Nature est découverte

Souviens-toi Rebecca comme la vie était belle en ces jours si vieux qu’il n’en reste que le bruit du vent lorsque l’on ouvre la porte.

Te rappelles-tu mon p’tit Lulu le bonheur frais qui craquait sous nos dents gourmandes quand le soleil se couchait à l’horizon serein ?

Entends nos rires, très chère Elvire, ceux qui résonnent encore entre les murs de notre premier logis. Le plaisir était alors en accès libre.

Tous les prénoms du monde étaient témoins de notre béatitude. Ils portaient sur nous un regard humide baigné d’affection bienveillante.

Nous étions bien, nous étions beaux, nous étions jeunes.

Puis, nous dûmes partir.

L’aventure nous appelait en de contrées plus lointaines, plus sauvages, plus folles. Mais aussi plus âpres, plus féroces, plus sèches.

Une fois arrivés, nous dûmes constater que le contraste était plus violent que celui envisagé.

Le temps passant, les sourires disparaissaient de nos joues, l’éclat de nos yeux se vitrifiait, nos mines pâlissaient. Nos peaux, jadis de pêche, prenaient l’aspect de papier mâché.

Nous devenions las. Chaque jour, notre perte se faisait cruellement ressentir.

Le destin avait tissé un bien vilain motif sur la toile chamarrée de nos existences.

Pourtant, nous sûmes garder le front haut et croire malgré tout en de lendemains bénis où le gazouillis des hirondelles chasserait le vol noir des corbeaux.

Mais il faut croire que l’Éden garde rancune à ceux qui le quittent.

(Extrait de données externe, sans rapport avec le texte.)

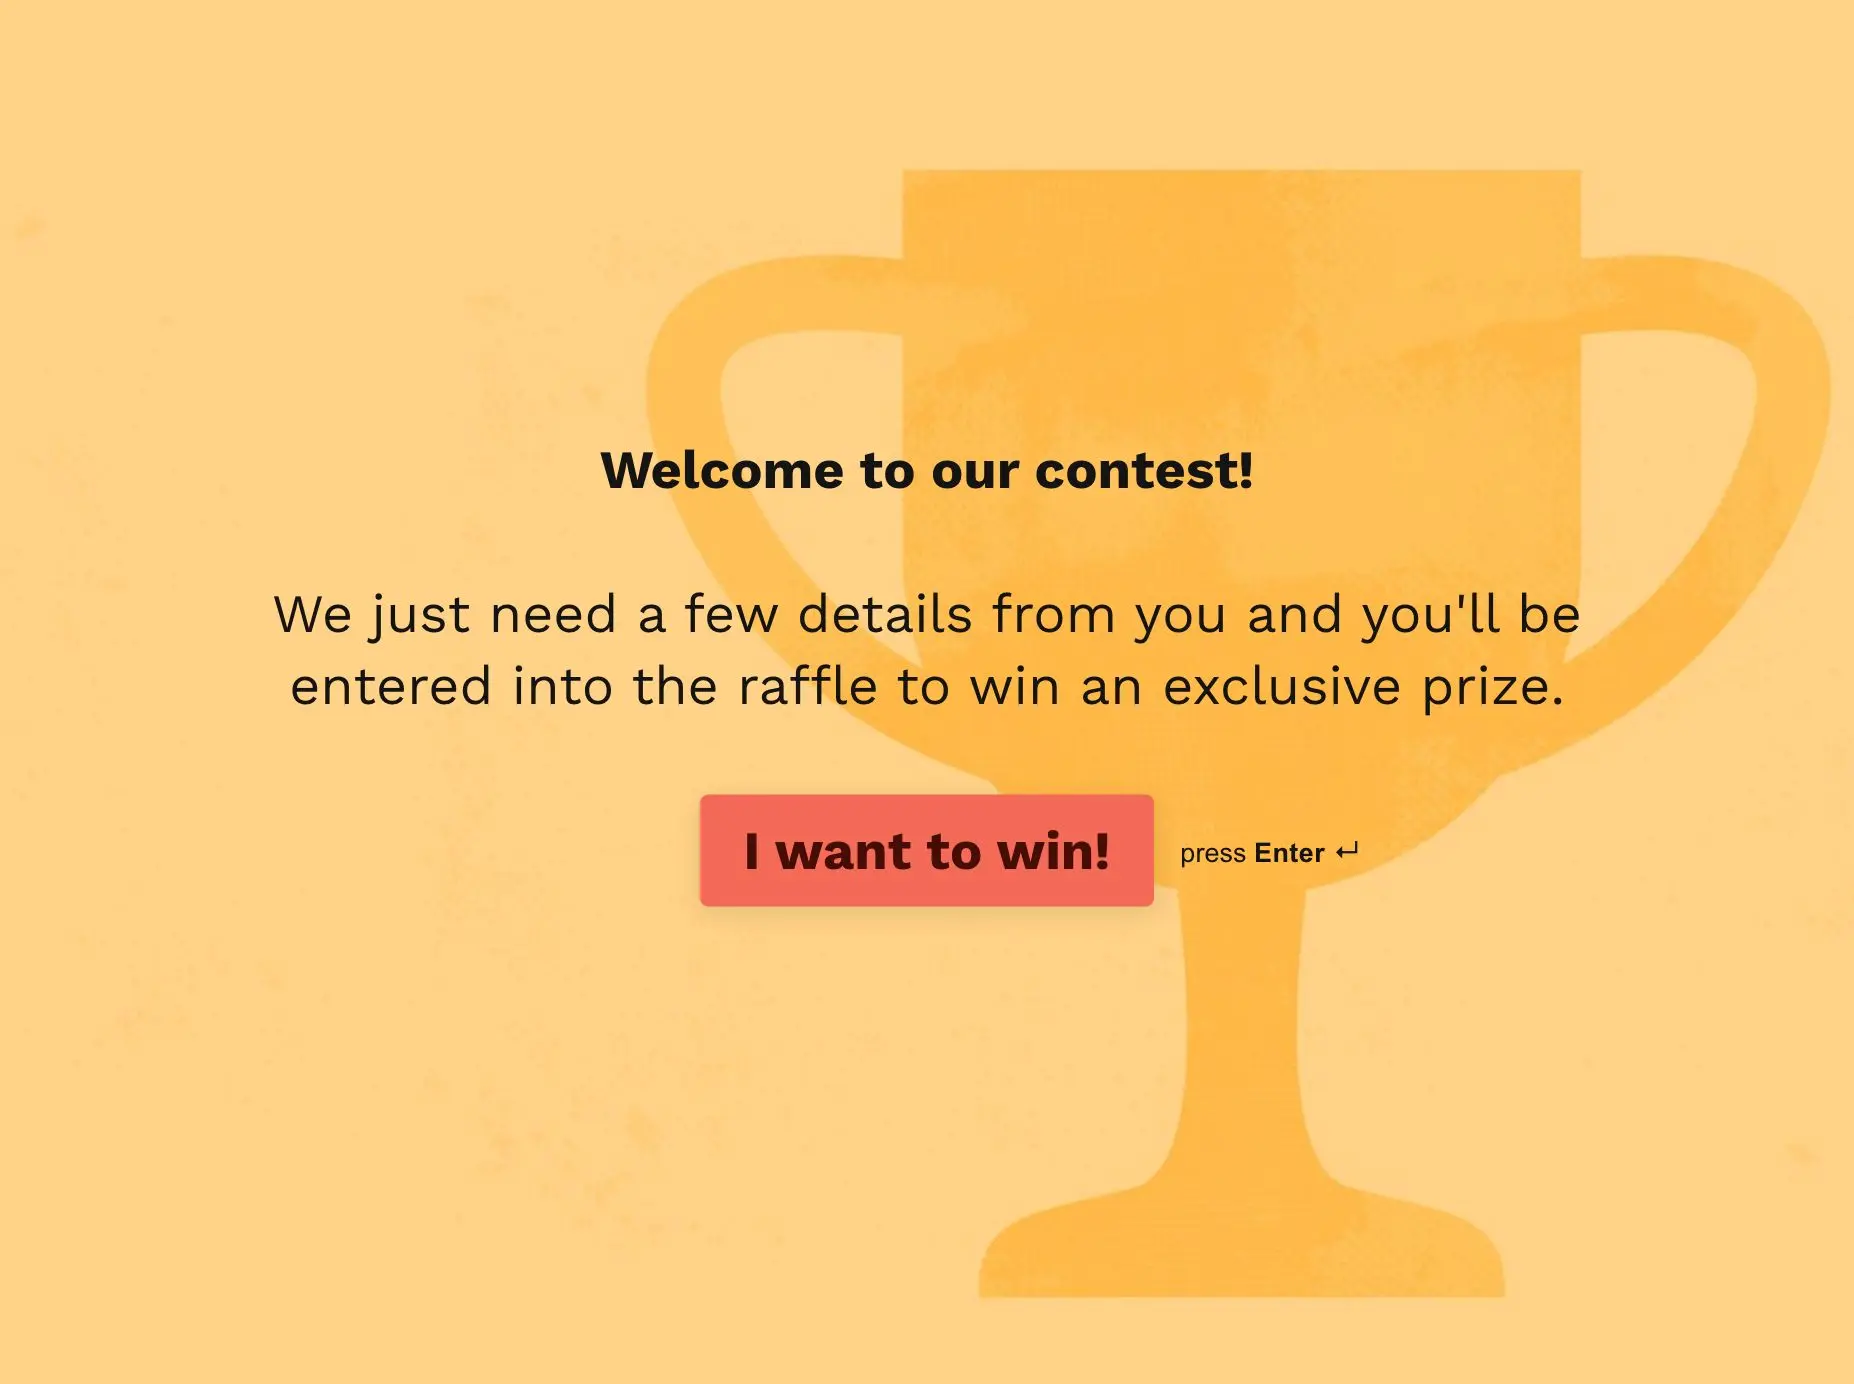 Contest-related design templates

Car pour avoir osé renoncer à la vision enchanteresse des atours généreux de Madame Nichon, nous sommes depuis cet été condamnés aux odieuses exhibitions de Papy Quéquette, qui, comme son nom l’indique, n’est pas une jeune femme qui se promène dans son appartement les seins à l’air.


Anonymes, 4

Elle est haute comme trois pommes. On voit encore les plis marqués par les fins bigoudis qui ont contraint sa chevelure aux reflets lilas à former de mousseuses boucles serrées. Ses grosses lunettes à verres épais lui mangent le visage. Elle porte un long pardessus noir dont s'échappent une paire de cannes de serin maintenues dans des bas opaques de couleur chair. Elle semble très concentrée sur ses petits pas.

Attendrie, je me retourne sur son passage.
Et déchiffre dans son dos l'inscription brodée sur son manteau : "Street Cred".

Sûr qu'elle a roulé sa bosse, dans le tier-quar, la daronne, t'as vu.


Made in the 80's

À la supérette, une dame d'apparence soignée, piquée au vif car je lui avais fait remarquer qu'elle venait de me doubler dans la file d'attente aux caisses, m'a rétorqué : "Je n'ai pas de leçons de civilité à recevoir d'une petite merdeuse dans votre genre".

De prime abord, la petite merdeuse en moi a roulé les yeux au ciel et a expiré bruyamment bouche ouverte en se voutant légèrement.

La trentenaire a repris la main rapidement ; alors que toutes les conditions étaient réunies pour une surenchère d'insultes décomplexées* et que la première était toute trouvée, j'ai en fait répondu "De toute évidence, Madame, vous avez grand besoin de leçons de civilité. Mais je ne me porte pas volontaire."

J'ai pris tout mon temps pour payer en petite monnaie, aux côtés de la bourgeoise furibarde qui tentait, je crois, de faire s'étouffer par télékinésie la caissière qui avait osé prendre mon panier.

Je suis sortie passablement agacée de ne pas avoir trouvé meilleure répartie à lui asséner, mais aussi, je l'avoue, assez flattée qu'on puisse encore me prendre pour une "petite merdeuse". Comme quoi la queue de cheval décalée sur le côté, c'était une super idée.



* situation de défense + stress + fin d'une journée trop longue + Paris + supermarché bondé de gros mous + retard = droit inaliénable à la surenchère d'insultes décomplexées.